Exercise description: For the records that follow, please set down exactly the lines between the one holding "Russia, 1992, Mi." and the one holding "The RTX 4090", inclusive, and only those.

Data for this exercise:
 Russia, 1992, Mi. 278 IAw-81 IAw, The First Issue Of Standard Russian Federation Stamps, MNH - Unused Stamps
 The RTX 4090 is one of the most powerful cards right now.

==

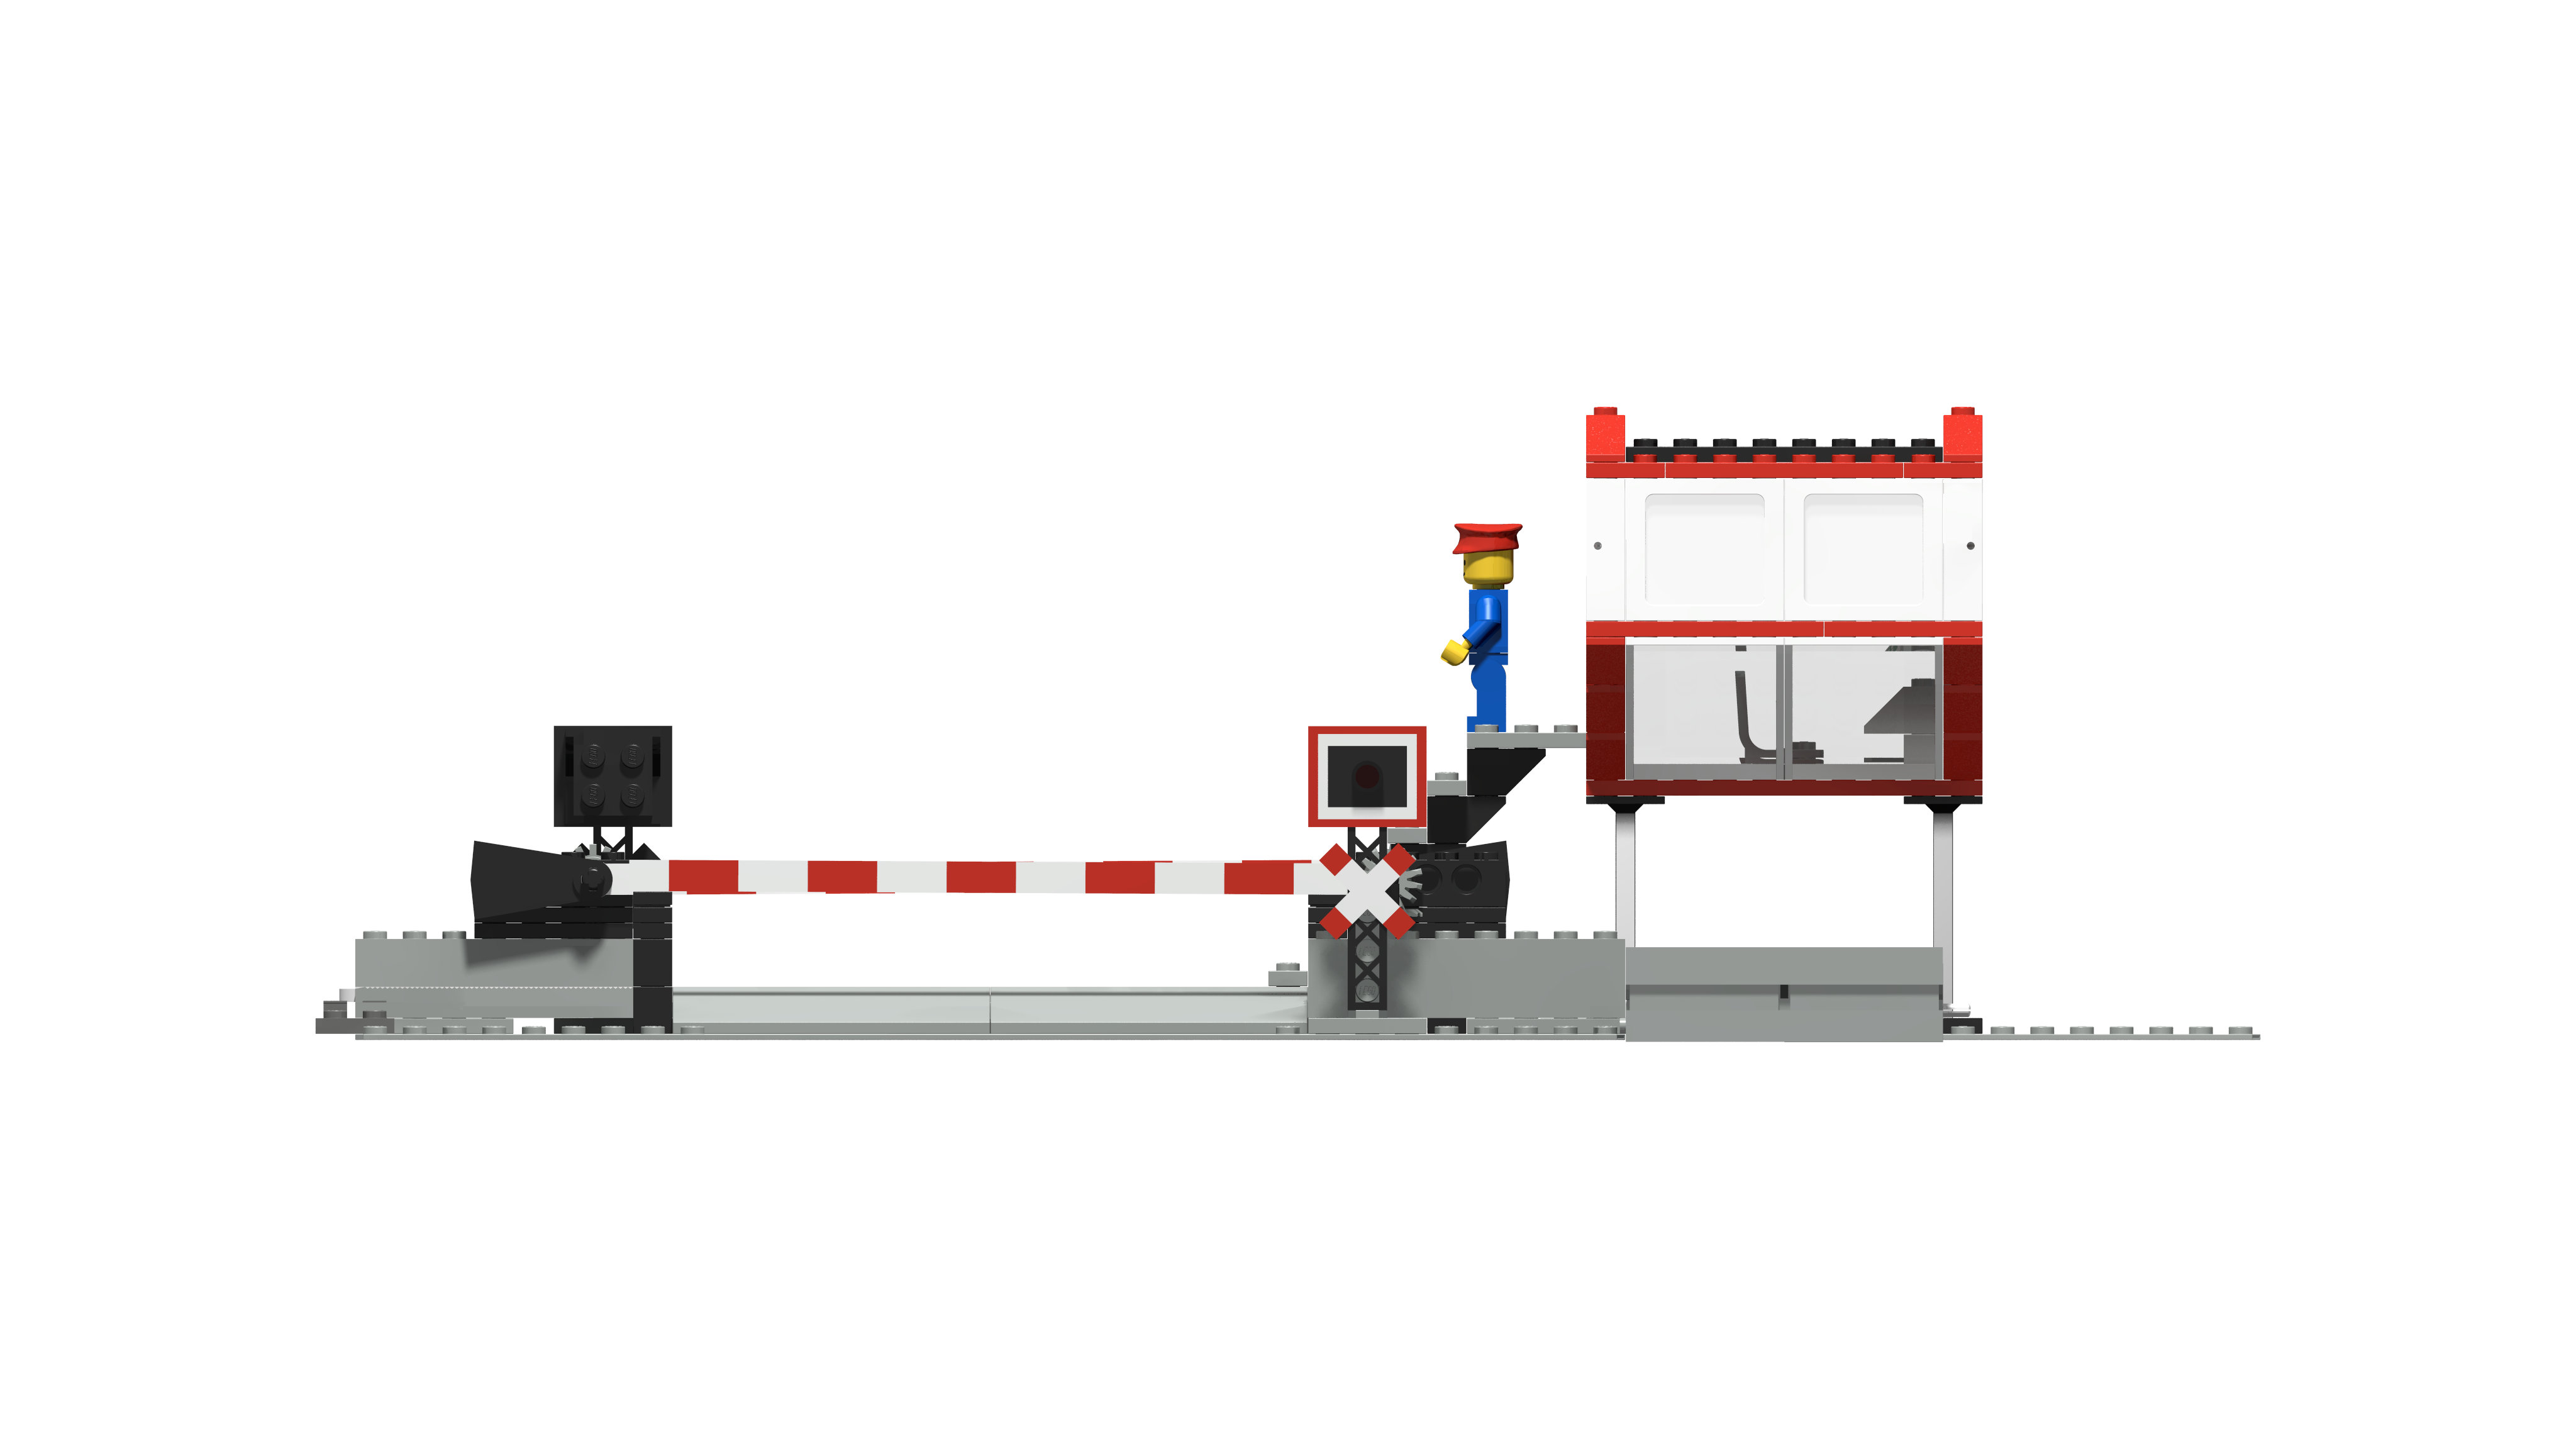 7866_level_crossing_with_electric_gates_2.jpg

Exercise result:
 Russia, 1992, Mi. 278 IAw-81 IAw, The First Issue Of Standard Russian Federation Stamps, MNH - Unused Stamps
 The RTX 4090 is one of the most powerful cards right now.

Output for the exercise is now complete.